2

I have a Spark Dataframe with the following schema.

[{ "map": {
    "completed-stages": 1,
    "total-stages": 1 },
    "rec": "test-plan",
    "status": {
        "state": "SUCCESS"
    }
  },
  { "map": {
    "completed-stages": 1,
    "total-stages": 1 },
    "rec": "test-proc",
    "status": {
        "state": "FAILED"
  }
}]

I want to transform it into another DF having the following schema [{"rec": "test-plan", "status": "SUCCESS"}, {"rec": "test-pROC", "status": "FAILED"}]

I have written the following code, but it doesn't compile and complains of wrong encoding.

val fdf = DF.map(f => {
        val listCommands = f.get(0).asInstanceOf[WrappedArray[Map[String, Any]]]
        val m = listCommands.map(h => {
            var rec = "none"
            var status = "none"

            if(h.exists("status" == "state" -> _)) {
                status = (h.get("status") match {
                    case Some(x) => x.asInstanceOf[HashMap[String, String]].getOrElse("state", "none")
                    case _ => "none"
                })

                if(h.contains("rec")) {
                    rec = (h.get("rec") match {
                        case Some(x: String) => x
                        case _ => "none"
                    })
                }
            }

          Map("status"->status, "rec"->rec)
        })

      val rm = m.flatten
      rm
    })

Please suggest the right way.

Jacek Laskowski
  • 72,696
  • 27
  • 242
  • 420
devj
  • 1,123
  • 2
  • 11
  • 24

2 Answers2

1

That's going to be tricky since the top-level elements of the JSONs are not the same, i.e. you have map1 and map2, and hence the schema is inconsistent. I'd speak to the "data producer" and requests a change so the name of the command is described by a separate element.

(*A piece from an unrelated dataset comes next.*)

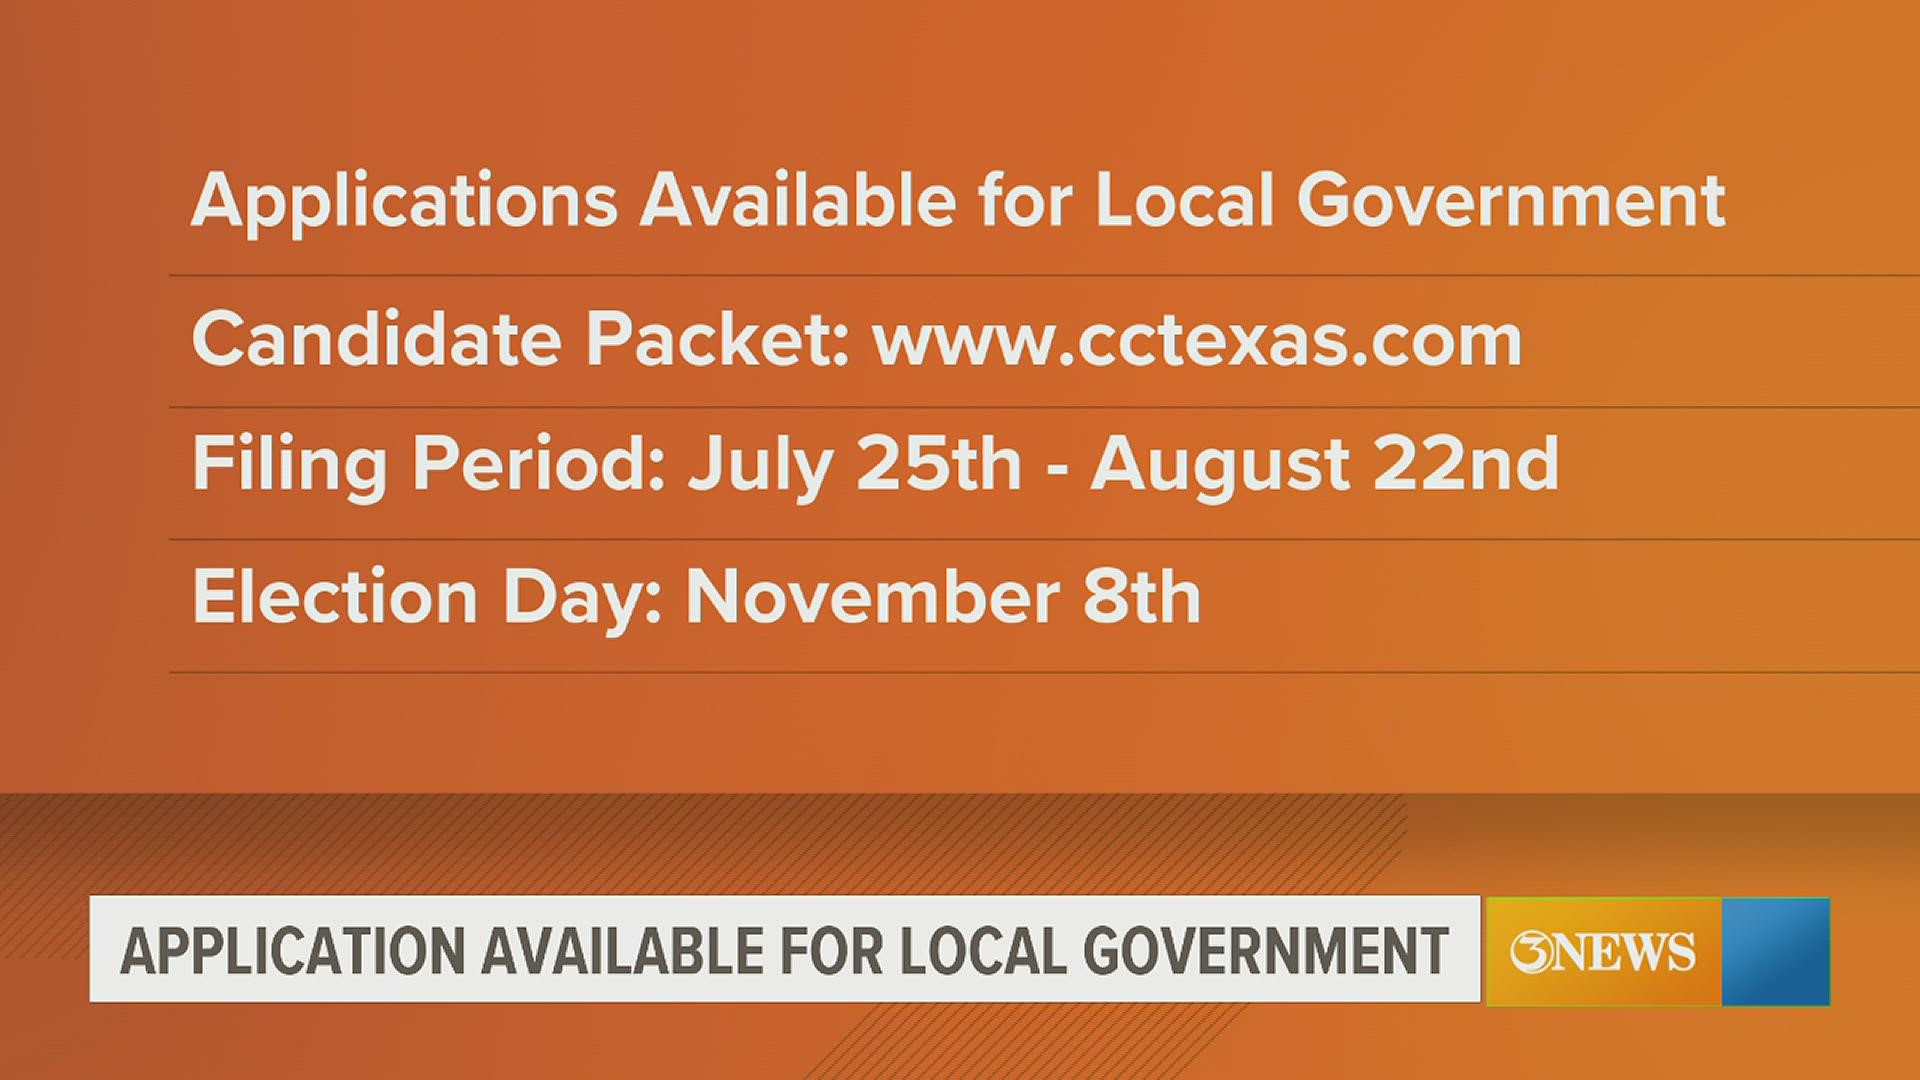 Corpus Christi resident will be able to apply for local government.

Given the schema of the DataFrame is as follows:

scala> commands.printSchema
root
 |-- commands: array (nullable = true)
 |    |-- element: string (containsNull = true)

and the number of elements (rows) in it:

scala> commands.count
res1: Long = 1

You have to explode the commands array of elements first followed by accessing the fields of interest.

// 1. Explode the array
val commandsExploded = commands.select(explode($"commands") as "command")
scala> commandsExploded.count
res2: Long = 2

Let's create the schema of the JSON-encoded records. One could be as follows.

// Note that it accepts map1 and map2 fields
import org.apache.spark.sql.types._
val schema = StructType(
  StructField("map1",
    StructType(
      StructField("completed-stages", LongType, true) ::
      StructField("total-stages", LongType, true) :: Nil), true) ::
  StructField("map2",
    StructType(
      StructField("completed-stages", LongType, true) ::
      StructField("total-stages", LongType, true) :: Nil), true) ::
  StructField("rec", StringType,true) ::
  StructField("status", StructType(
    StructField("state", StringType, true) :: Nil), true
  ) :: Nil)

With that, you should use from_json standard function that takes a column with JSON-encoded strings and a schema.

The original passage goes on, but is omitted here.